In deal reached by eight-company consortium
By Paul Sweeting  1/23/2006

Some buyers of HD DVD and Blu-ray Disc players might not get 
everything they bargained for.

In a deal reached this week after tense negotiations, the 
eight-company consortium behind the Advanced Access Content System, 
created for use by both high-def formats to prevent unauthorized 
copying, has agreed to require hardware makers to bar some high-def 
signals from being sent from players to displays over analog 
connections, sources said.

Instead, the affected analog signal must be "down-converted" from the 
full 1920x1080 lines of resolution the players are capable of 
outputting to 960x540 lines--a resolution closer to standard DVDs 
than to high-def. Standard DVDs are typically encoded at 720 
horizontal by 480 vertical lines of resolution.

The 960x540 standard stipulated in the AACS agreement represents 50% 
higher resolution than standard-def, but only one-quarter the 
resolution of full high-def. Whether a particular movie is 
down-converted will be up to the studio.

The players will be required to recognize and respond to a digital 
flag, called an Image Constraint Token, inserted into the movie data.

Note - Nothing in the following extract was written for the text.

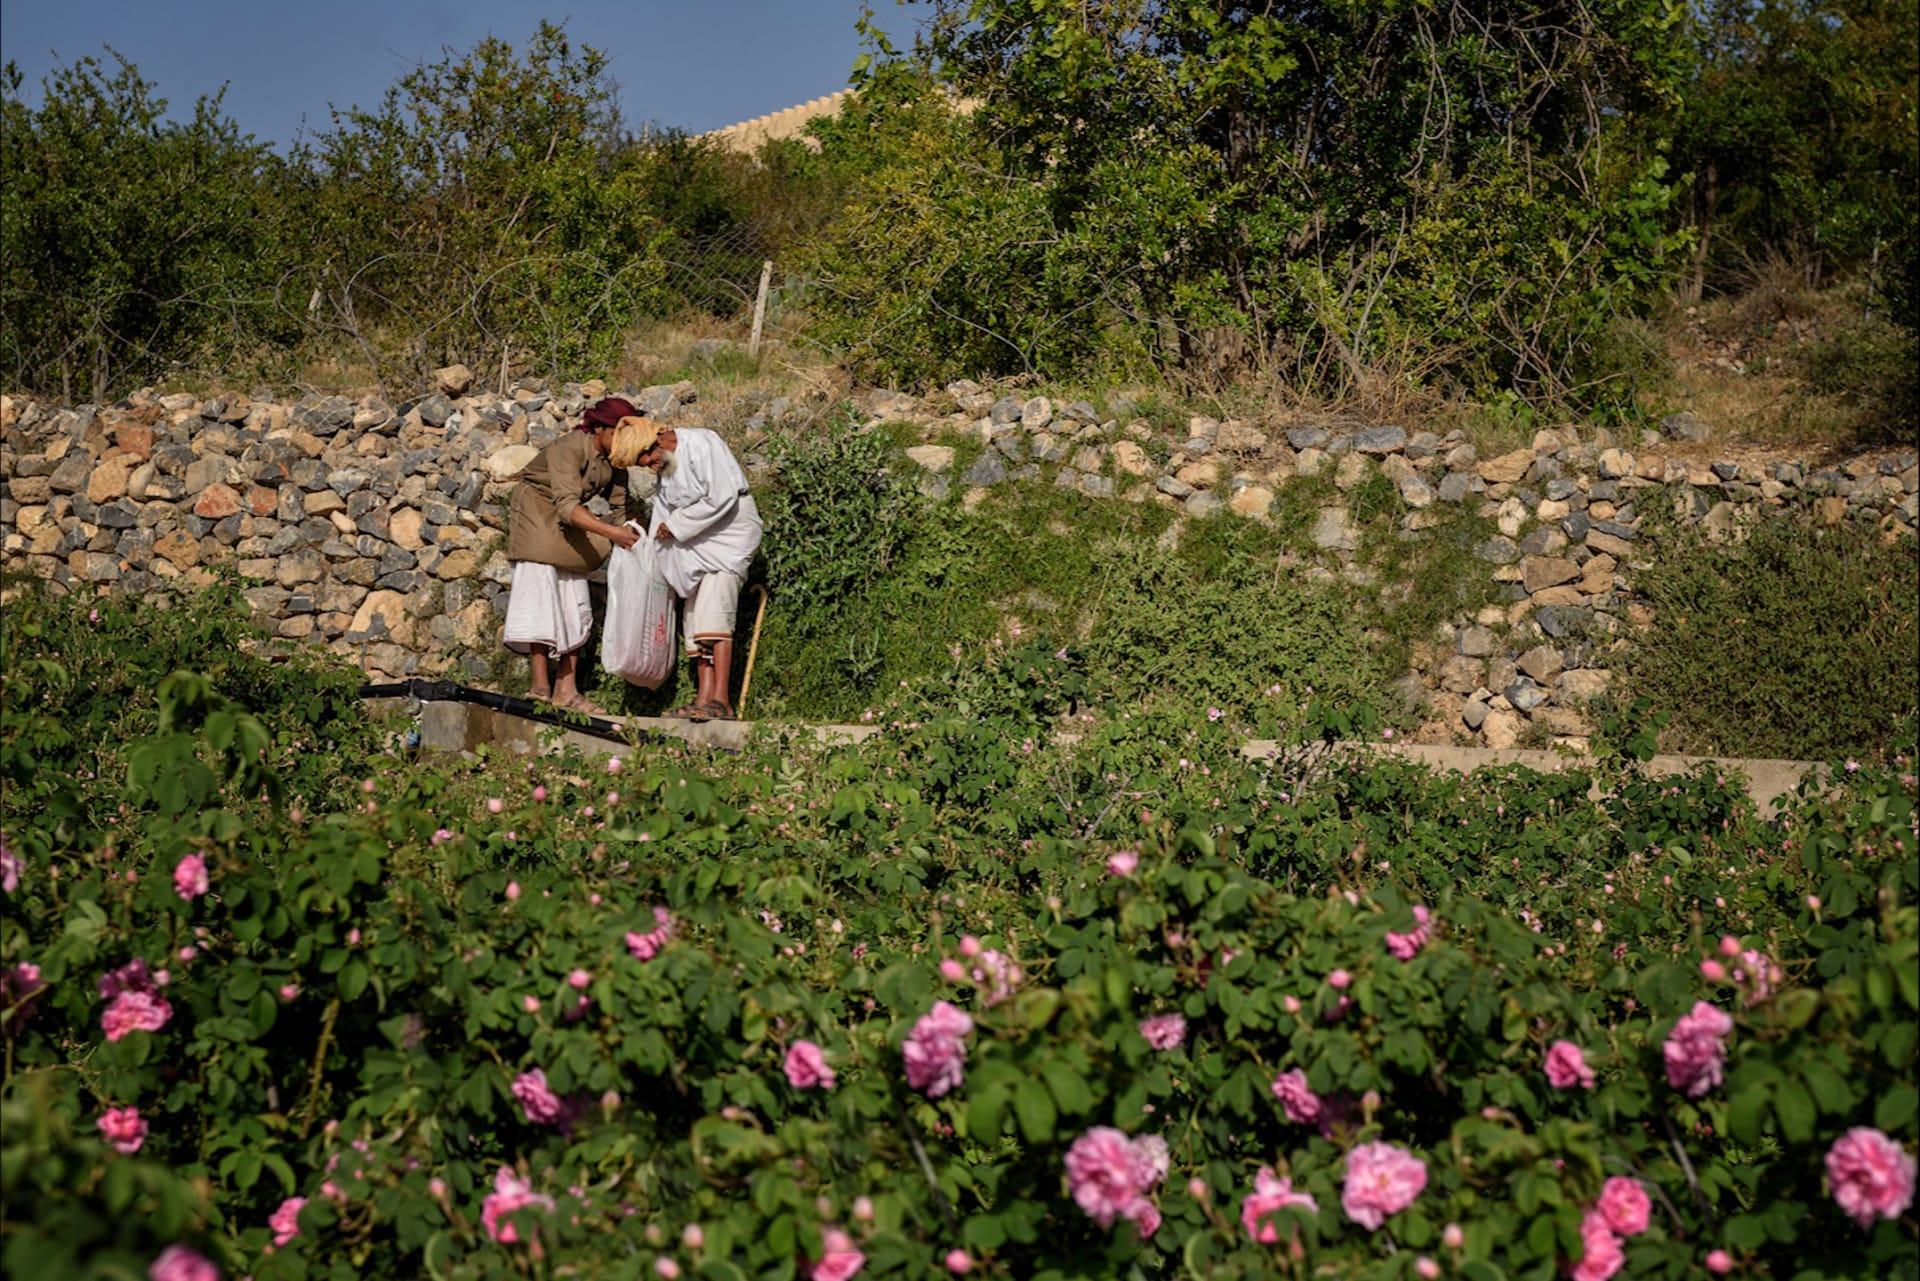 ما الأساليب العمانية التقليدية لصناعة ماء الورد الطبيعي؟
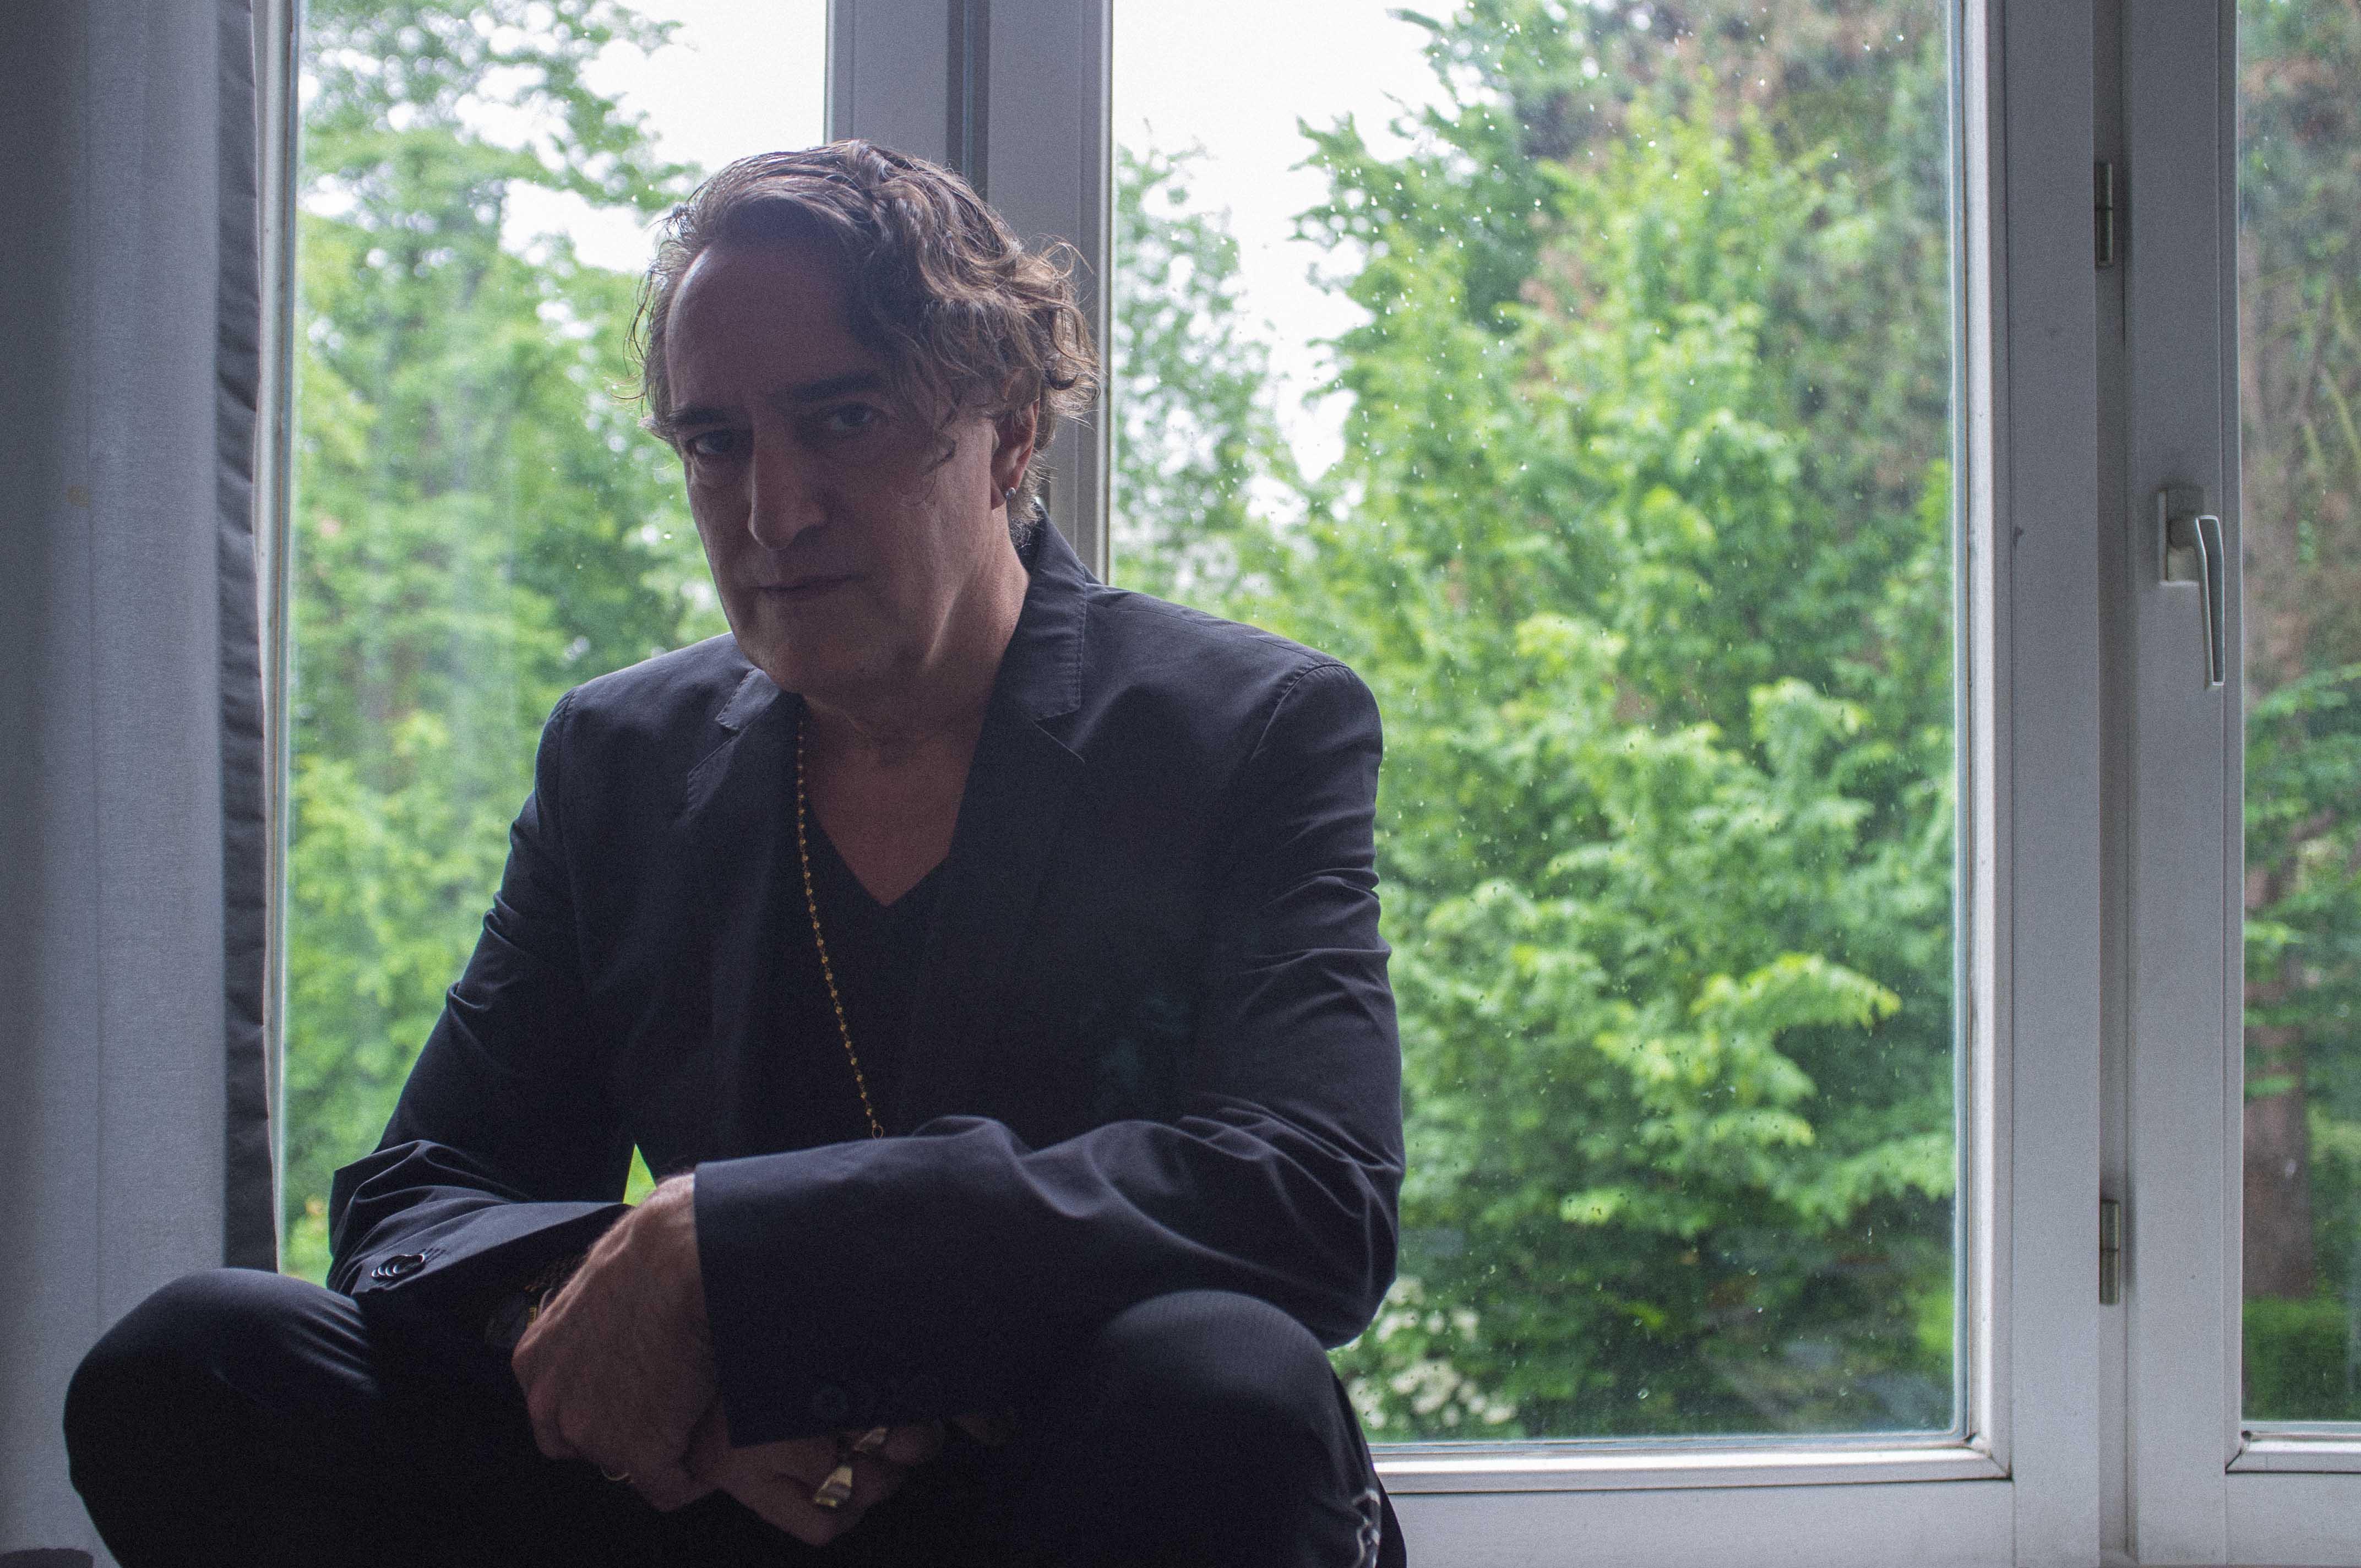 Professor Reinhard von der Thannen

If the flag is set to "on," the player must down-convert the analog 
signal. If set to "off," the player can pass the full high-def signal 
over the analog connections.

The studios are divided over whether to require such down-conversion 
and are likely to follow separate policies.

Hardware makers had generally resisted the requirement, but under the 
new deal, ICT recognition will be included in the AACS license that 
all device makers and playback software vendors will have to sign.